Life with a boy and his Hypoplastic Left heart Syndrome, now Heart transplant and partial Liver from Aspergillius. Also, a girl and her Tethered Spinal Cord Syndrome, Neuro Endocrine Cell Hypoplasia, Lumbar Hemangioma, asymmetrical gluteal cleft, Pectus Carinatum and two Super Sisters and one yummy baby brother.

Wednesday, November 5, 2008

So as you can see!!!

Thanks for the helpful hints and ideas to make me feel safe again. I want people who are interested in heart babies to have access so I didn't want to go private. But, I did take out our names and birthdays and such, just wanted to be a little more careful... I am still going to post pictures. I just wanted personal info to be on the down-low. In other news... I think this will be an interesting thing to watch our new government. I am excited for the new ideas and fresh approach, however the task is daunting and I am sure either man would have felt it overwhelming. It is a little hard for me to see something I am comfortable with change... Change is always hard... Ideas and values... But I will continue to do as our church leaders have asked, and that is to pray for the leaders of our government (local and national) in making decisions.

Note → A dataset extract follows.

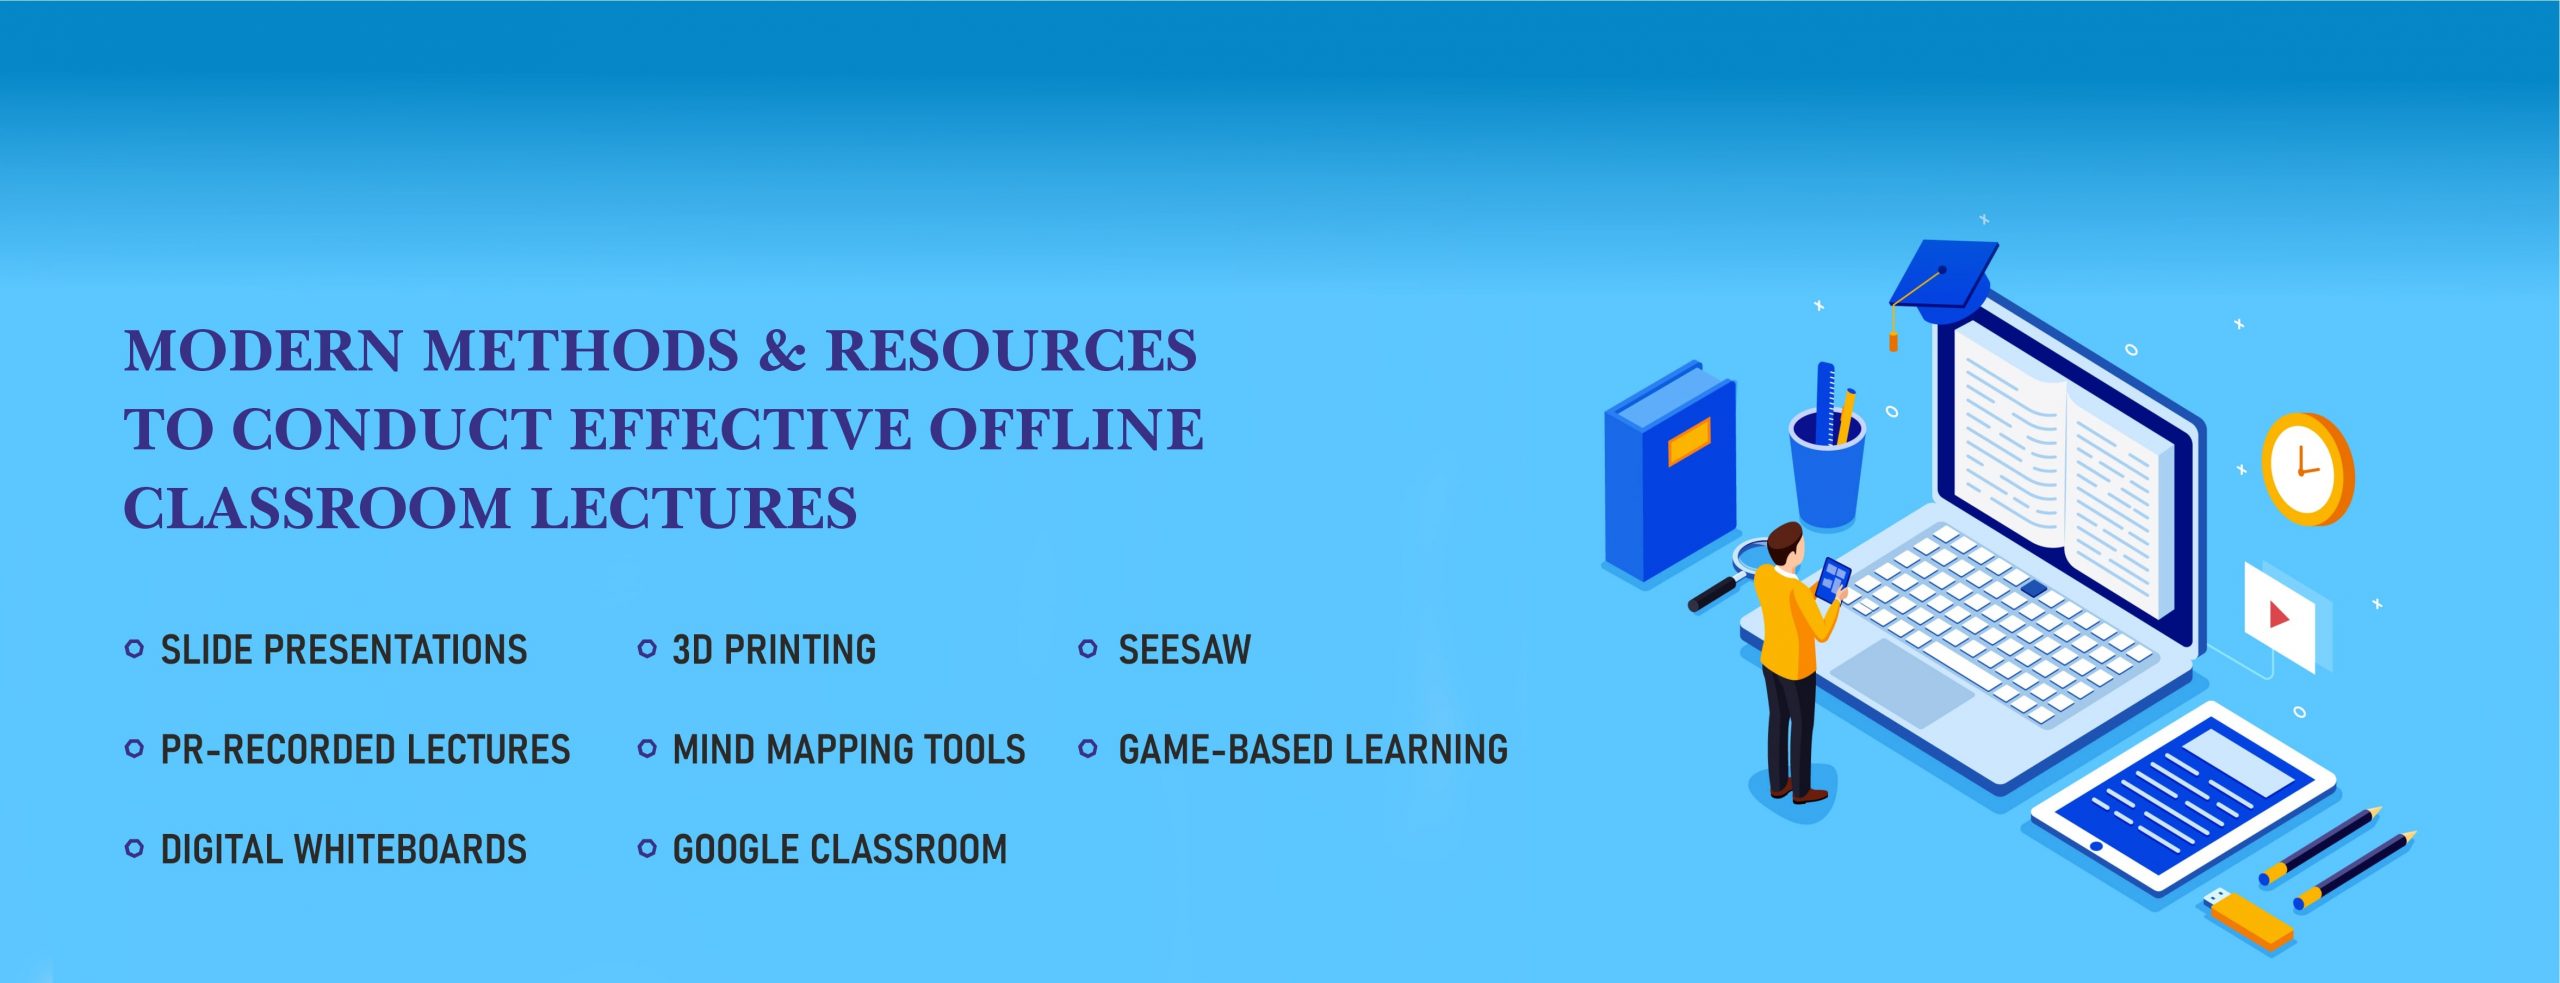 Modern methods and resources to conduct effective offline classroom lectures

Jake & Stephanie Ellinger said...

I really need to do the same with my blog. I like to keep it open too because I feel like IHH is a second family. You've done a good job.

As for change, I ALWAYS resist it!

Molly said...

You might want to consider changing your web address too since it's gator's full name. When I switched ours, I linked the new one on our old address, and then left the link up for over a month. I probably lost a few people, but I figured it was better not to have our last name out there. Just a thought.